When I was a kid, all I knew about President Herbert Hoover was that he had a funny first name and a last name that reminded me of a vacuum cleaner.

When I went to college, all I learned about him was that he seemed to be personally responsible for the crash of the Stock Market and the Great Depression.  Usually, he is given half of a lecture and described as an inefficient buffoon who sat on his hands for three years while American’s stood in soup lines.

Of course, these same professors usually spent a week or more on President Roosevelt.

Hoover has been sidelined and forgotten in the annals of American Presidents while other names like Lincoln, Washington, and Kennedy scream for our attention.

Now, let’s play a little game called “It’s A Wonderful Life.” I can imagine Herbert Hoover feeling quite discouraged after the American people fired him and blamed him for the Great Depression. He might have even had nights where he wished he had never been born.

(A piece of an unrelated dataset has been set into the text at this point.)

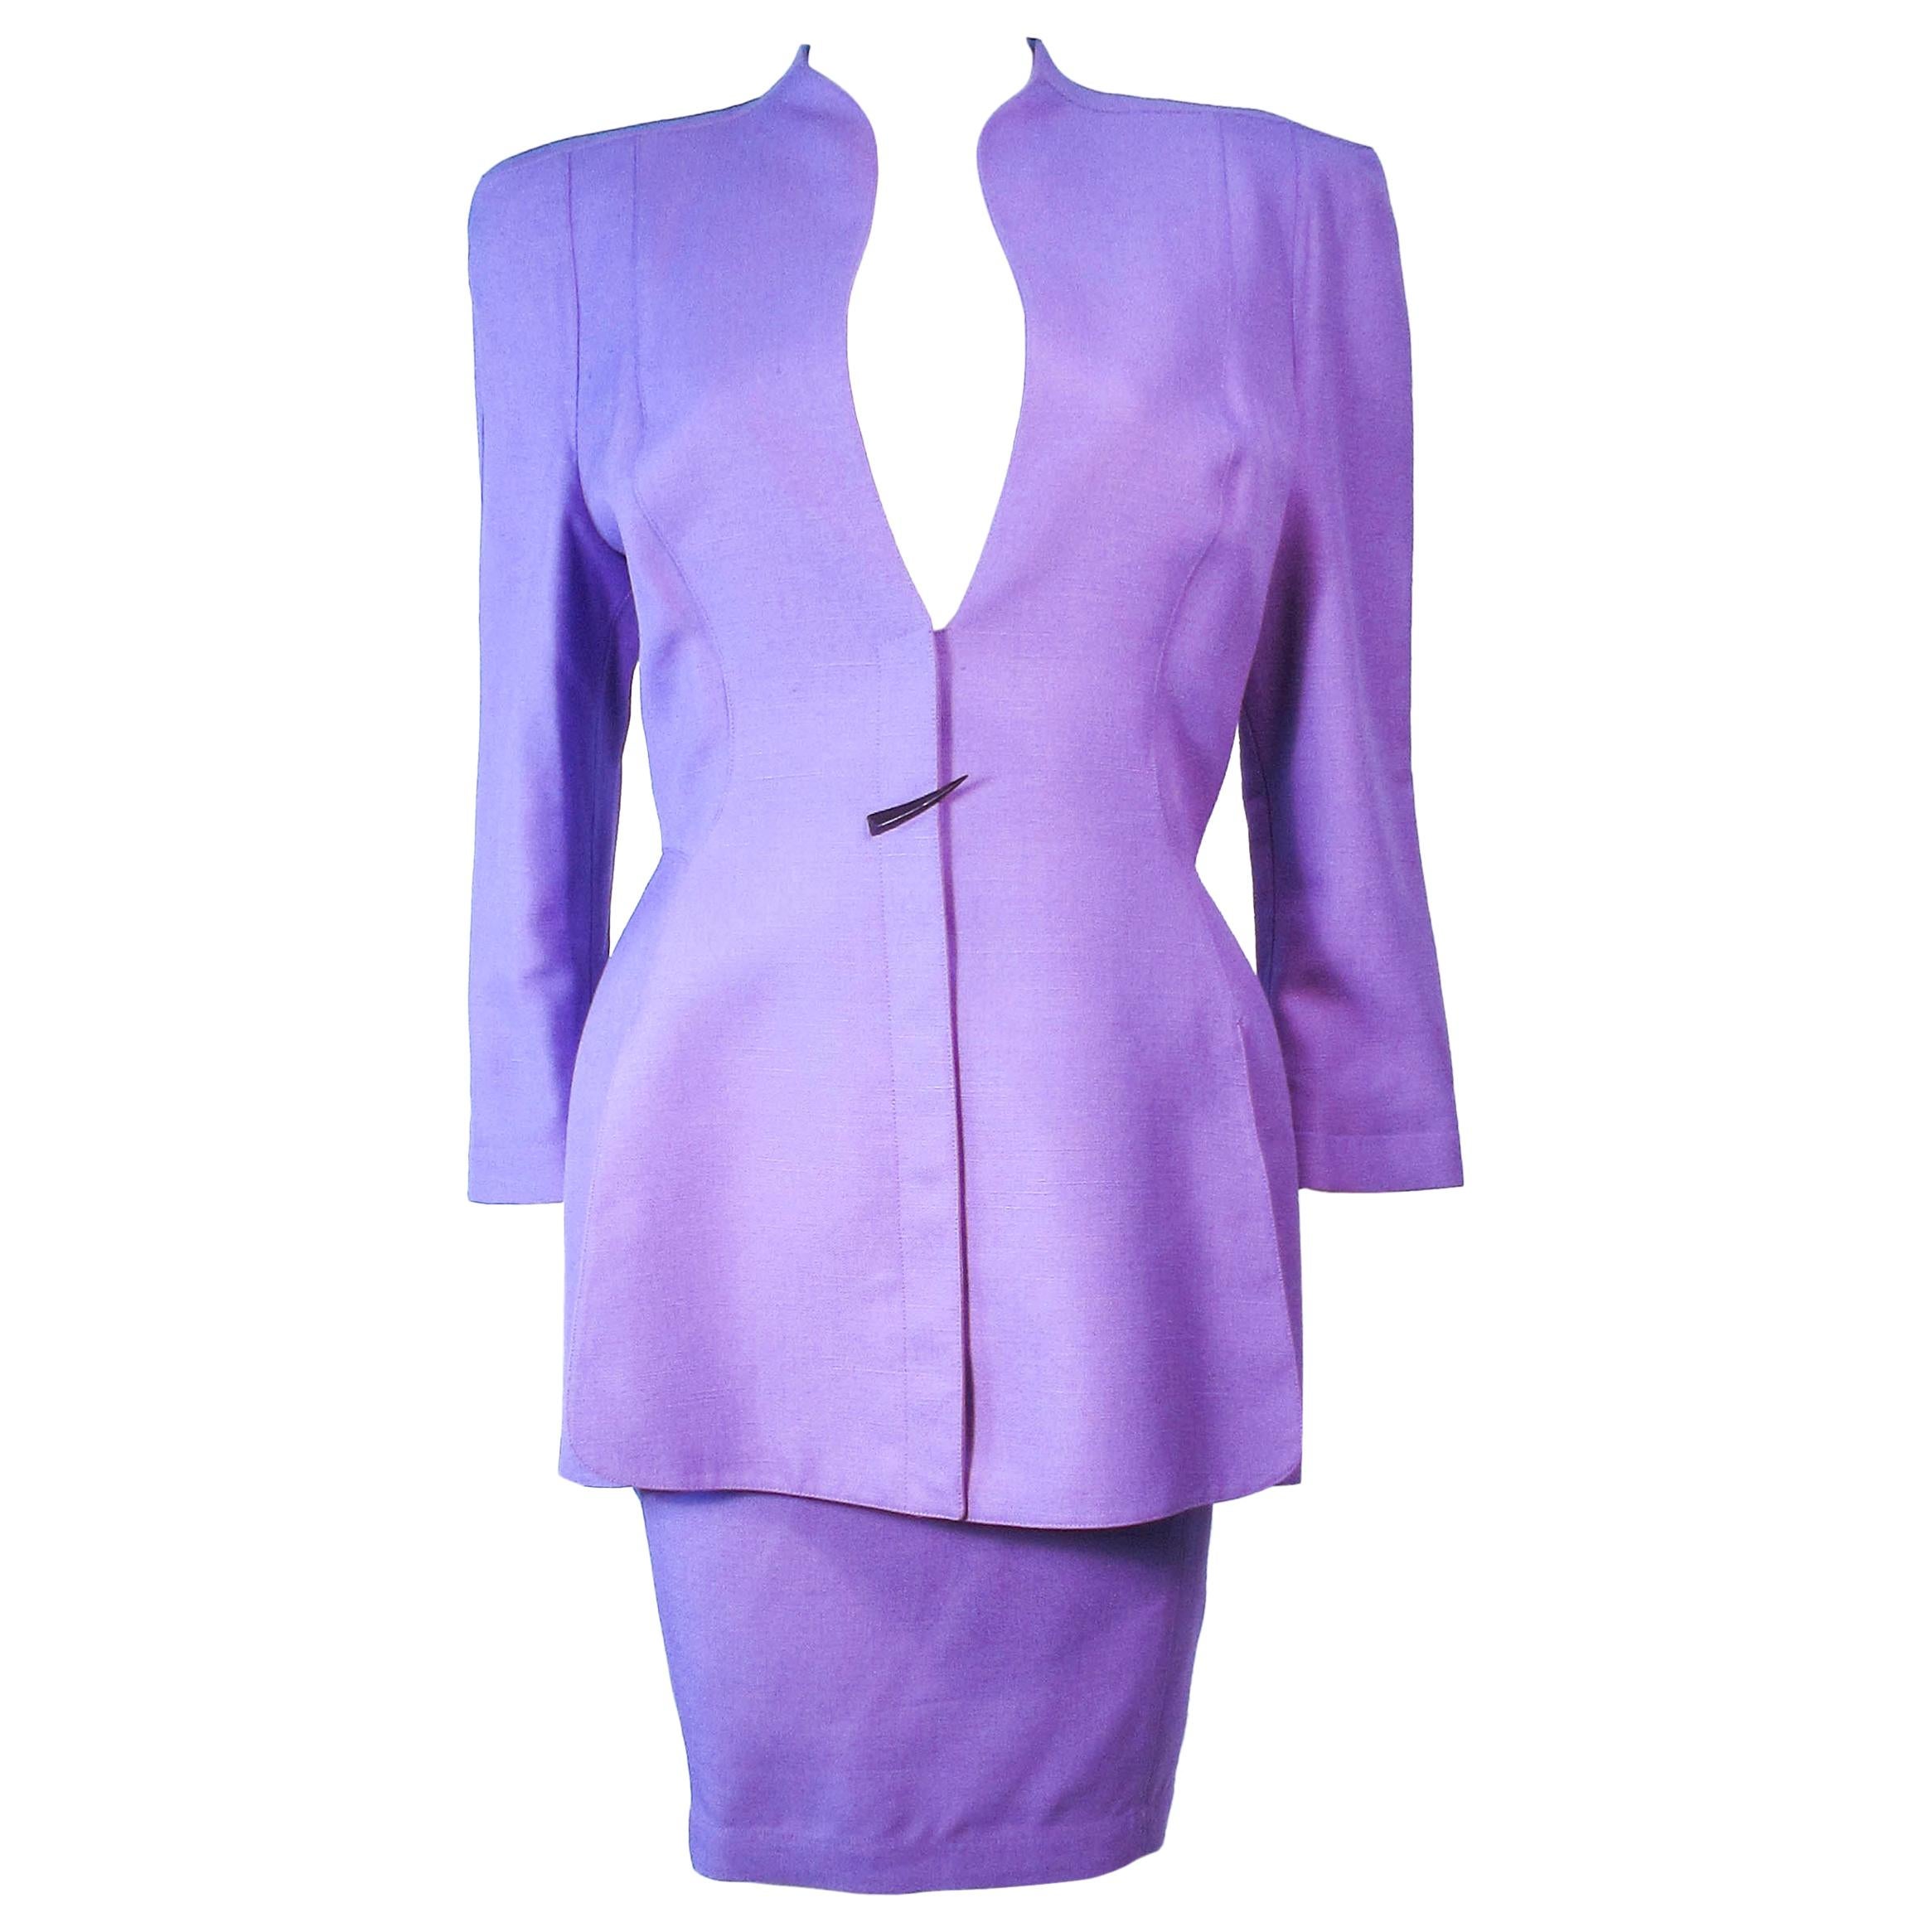 THIERRY MUGLER Fred Heyman Lavender 2pc Skirt Suit with Abstract Closure Size 42 For Sale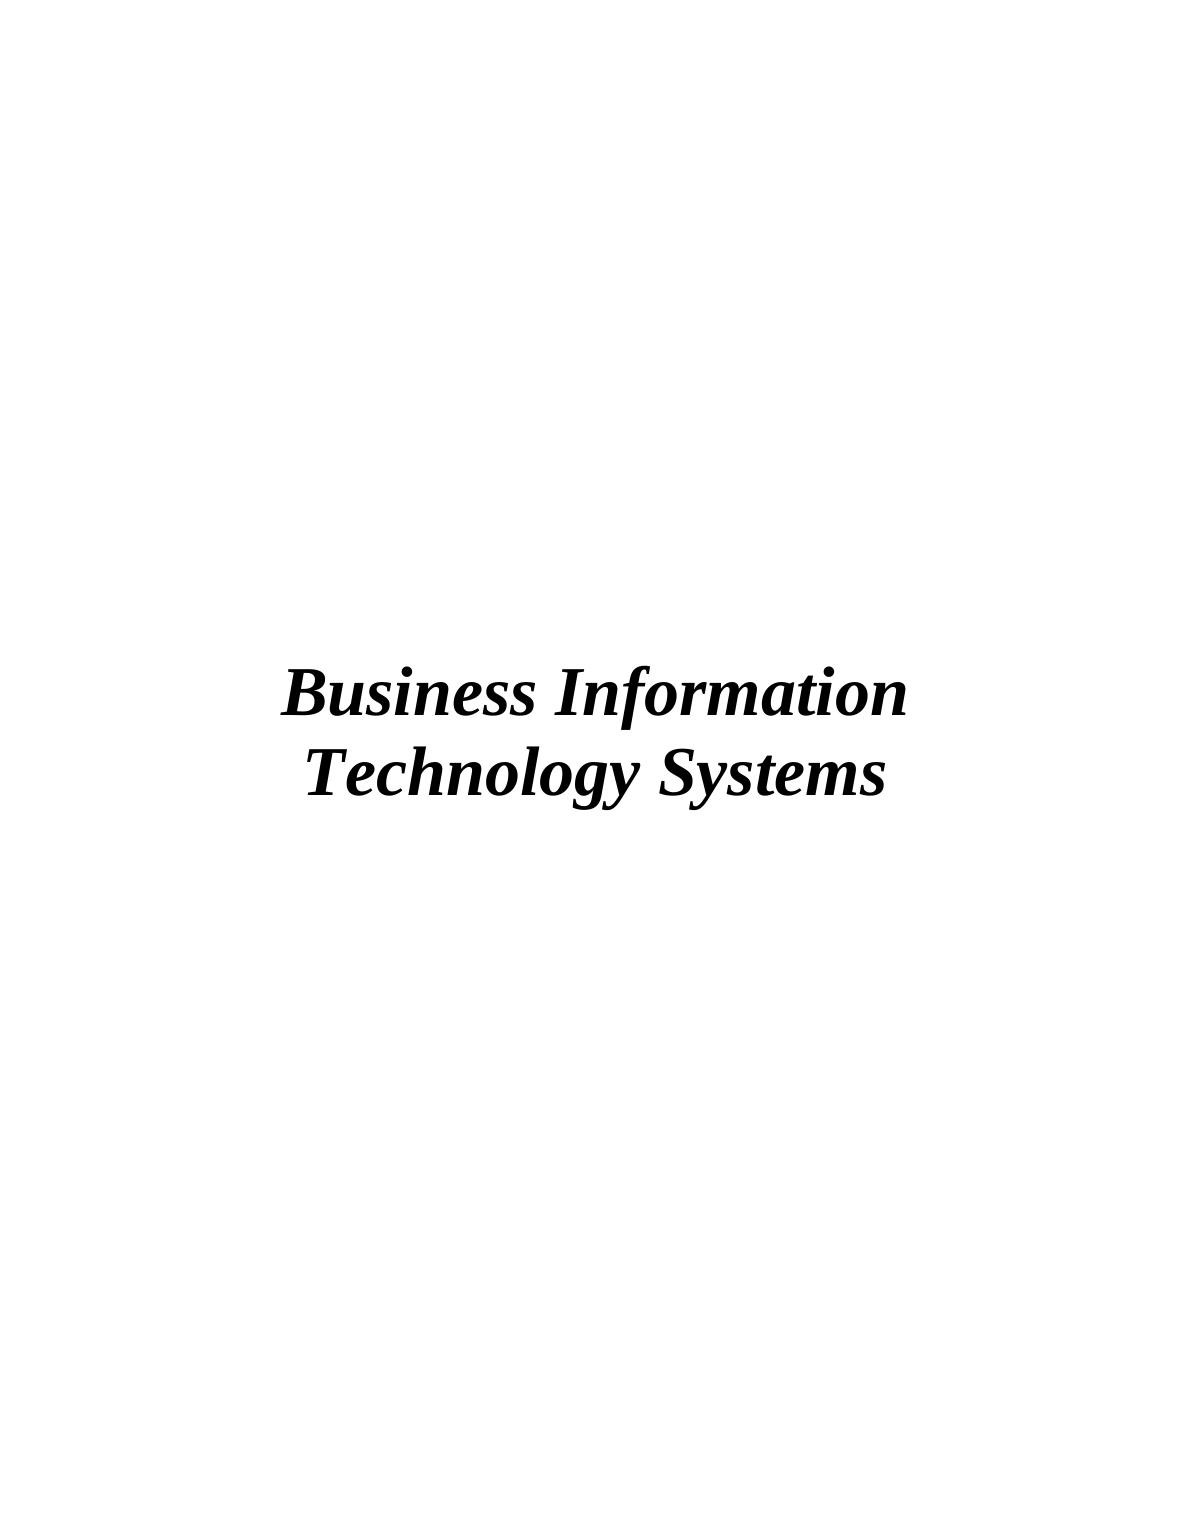 Business Information Technology Systems Assignment Solved - JS supermarket_1

Really?  Can we count how many lives might have been lost if he had not been alive to save them? Set his inaction as President aside for a moment. That is another debate entirely. Not just children in China, or a hundred thousand Americans trapped in Europe as shells start flying, but just focus on Russia.

If he had ignored the plight of these people and shrugged his Capitalist shoulders at their misfortune, what might have happened? It would have been an easy justification for him to make to himself. One that many Americans would have agreed with. After all, Lenin was largely responsible for the disaster, why should Americans spend millions of dollars to save them? Besides, anything that is bad for Communism must be good for Capitalism and the free economies of the West, right?

He could have easily said, ‘Let them starve.’

He probably wouldn’t have become President, and as much as some of my old College Professors might have liked that, what might have happened soon after that?

Pretend Hoover is not there to feed 10 million Russians 1921. How many of those might have died? Remember, his focus was on the children.

Children who are fed have a habit of growing up and becoming adult men and women and it usually takes them about 20 years to do it. What if those adults were not alive to stand against another madman named Adolf Hitler when he invades Russia exactly 20 years later? How many of those children who ate the food Hoover helped provide grew to become soldiers and leaders of Russia in World War II?

Only God knows, and he will never tell.

As it was, the Germans assault on Russia brought them within sight of Moscow and a breath away from destroying our Eastern Ally. Had Germany accomplished this in 1941, the Americans and the British may never have been able to pull off D-Day, the liberation of France in 1944 or the destruction of Germany the following spring. Hitler might have won World War II and forced the last of the Allies into terms of surrender…

And yet, those Russian children were fed. Millions of them largely do to the efforts of a pudgy little Quaker from Iowa.

6 thoughts on “How A Pudgy Little Quaker From Iowa Saved The World!

  1. Very interesting, well done Herbert! Who’s says one person can’t make a difference. Story sort of reminds me of, It’s a Wonderful Life.

  2. Thanks for this piece on Herbert Hoover ! He doesn’t get enough credit for all the good he’s done in the world, he’s just held to blame for the sorry economic state of our country during The Depression. The Depression was never fixed by FDR, btw, and perhaps was prolonged by his Governmental Programs, something those college professors (who deal in theory and who also don’t work) fail to mention.